++++ SUPPLIED MATERIAL
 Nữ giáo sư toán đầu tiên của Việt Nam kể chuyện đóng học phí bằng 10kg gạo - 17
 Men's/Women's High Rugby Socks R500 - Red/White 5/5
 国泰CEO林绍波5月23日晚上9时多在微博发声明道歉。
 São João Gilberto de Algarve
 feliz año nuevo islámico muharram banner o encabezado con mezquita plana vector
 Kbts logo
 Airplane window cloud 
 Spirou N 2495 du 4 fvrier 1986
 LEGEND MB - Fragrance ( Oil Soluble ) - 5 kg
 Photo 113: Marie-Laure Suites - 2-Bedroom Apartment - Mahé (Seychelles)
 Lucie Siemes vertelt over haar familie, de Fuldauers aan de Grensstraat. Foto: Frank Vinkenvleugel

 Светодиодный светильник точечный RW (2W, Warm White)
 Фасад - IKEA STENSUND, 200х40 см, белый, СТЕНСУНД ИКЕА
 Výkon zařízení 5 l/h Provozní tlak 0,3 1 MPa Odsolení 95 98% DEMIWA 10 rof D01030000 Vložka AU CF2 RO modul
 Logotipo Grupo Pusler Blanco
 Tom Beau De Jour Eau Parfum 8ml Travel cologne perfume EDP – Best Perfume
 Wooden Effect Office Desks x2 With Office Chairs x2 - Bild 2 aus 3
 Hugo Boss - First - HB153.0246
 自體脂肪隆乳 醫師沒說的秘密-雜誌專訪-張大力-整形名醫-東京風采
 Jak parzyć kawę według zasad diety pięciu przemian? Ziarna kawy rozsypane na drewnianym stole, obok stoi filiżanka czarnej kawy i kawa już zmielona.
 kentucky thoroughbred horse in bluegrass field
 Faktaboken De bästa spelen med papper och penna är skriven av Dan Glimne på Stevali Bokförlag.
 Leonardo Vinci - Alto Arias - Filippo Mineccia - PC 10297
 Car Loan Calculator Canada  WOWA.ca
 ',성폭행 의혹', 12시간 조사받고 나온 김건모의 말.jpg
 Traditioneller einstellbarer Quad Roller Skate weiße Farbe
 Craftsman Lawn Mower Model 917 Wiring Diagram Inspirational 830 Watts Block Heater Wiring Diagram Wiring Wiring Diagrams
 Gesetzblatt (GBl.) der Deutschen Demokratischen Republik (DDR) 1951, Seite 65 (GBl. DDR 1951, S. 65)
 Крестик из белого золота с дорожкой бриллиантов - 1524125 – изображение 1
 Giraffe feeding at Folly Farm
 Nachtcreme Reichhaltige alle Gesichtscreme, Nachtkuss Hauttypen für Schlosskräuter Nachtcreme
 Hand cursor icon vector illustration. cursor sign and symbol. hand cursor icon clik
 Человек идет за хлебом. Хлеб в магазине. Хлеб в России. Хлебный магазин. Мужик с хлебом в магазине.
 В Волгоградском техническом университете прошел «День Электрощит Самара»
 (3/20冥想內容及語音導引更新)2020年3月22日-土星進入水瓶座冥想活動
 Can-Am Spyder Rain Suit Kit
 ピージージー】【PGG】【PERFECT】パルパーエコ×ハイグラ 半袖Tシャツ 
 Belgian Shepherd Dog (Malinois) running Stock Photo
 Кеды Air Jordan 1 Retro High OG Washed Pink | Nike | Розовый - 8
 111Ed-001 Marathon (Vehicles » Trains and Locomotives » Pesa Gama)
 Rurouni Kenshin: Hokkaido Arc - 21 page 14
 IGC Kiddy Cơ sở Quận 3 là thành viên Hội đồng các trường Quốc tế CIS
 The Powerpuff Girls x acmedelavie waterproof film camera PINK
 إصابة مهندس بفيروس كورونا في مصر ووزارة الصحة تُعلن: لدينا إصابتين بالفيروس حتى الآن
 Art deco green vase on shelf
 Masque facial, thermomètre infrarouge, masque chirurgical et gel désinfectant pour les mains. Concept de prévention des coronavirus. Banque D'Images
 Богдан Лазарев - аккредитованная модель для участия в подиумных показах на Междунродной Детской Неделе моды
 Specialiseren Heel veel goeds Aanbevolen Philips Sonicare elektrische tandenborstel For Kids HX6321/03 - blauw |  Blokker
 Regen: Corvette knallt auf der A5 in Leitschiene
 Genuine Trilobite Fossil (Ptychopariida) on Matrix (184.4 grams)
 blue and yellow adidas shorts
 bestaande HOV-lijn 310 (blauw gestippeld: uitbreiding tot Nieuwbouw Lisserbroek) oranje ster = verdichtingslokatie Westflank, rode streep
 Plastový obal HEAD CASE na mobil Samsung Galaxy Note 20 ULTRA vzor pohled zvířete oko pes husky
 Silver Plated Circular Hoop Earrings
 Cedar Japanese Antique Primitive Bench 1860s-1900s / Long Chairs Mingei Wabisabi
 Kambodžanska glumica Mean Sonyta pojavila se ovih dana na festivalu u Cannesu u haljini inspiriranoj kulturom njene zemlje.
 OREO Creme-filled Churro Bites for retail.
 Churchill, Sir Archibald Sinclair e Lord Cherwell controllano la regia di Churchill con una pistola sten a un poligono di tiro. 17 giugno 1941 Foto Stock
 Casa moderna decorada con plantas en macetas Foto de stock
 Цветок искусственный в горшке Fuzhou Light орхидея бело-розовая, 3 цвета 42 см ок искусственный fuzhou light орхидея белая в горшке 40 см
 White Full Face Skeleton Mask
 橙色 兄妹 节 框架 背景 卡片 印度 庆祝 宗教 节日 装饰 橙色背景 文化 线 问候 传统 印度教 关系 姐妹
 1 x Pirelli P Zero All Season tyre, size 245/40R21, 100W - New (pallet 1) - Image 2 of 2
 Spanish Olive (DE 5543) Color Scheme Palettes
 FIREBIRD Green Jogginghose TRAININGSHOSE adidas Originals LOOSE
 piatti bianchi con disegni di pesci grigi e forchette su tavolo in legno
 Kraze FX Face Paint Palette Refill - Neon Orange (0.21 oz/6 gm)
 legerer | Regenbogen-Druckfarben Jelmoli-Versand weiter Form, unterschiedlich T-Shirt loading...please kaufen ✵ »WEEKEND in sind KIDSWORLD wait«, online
++++++++
WORK INSTRUCTION: Work out how many lines of the listing above include "High"; the reply is that number alone.

SOLUTION: 2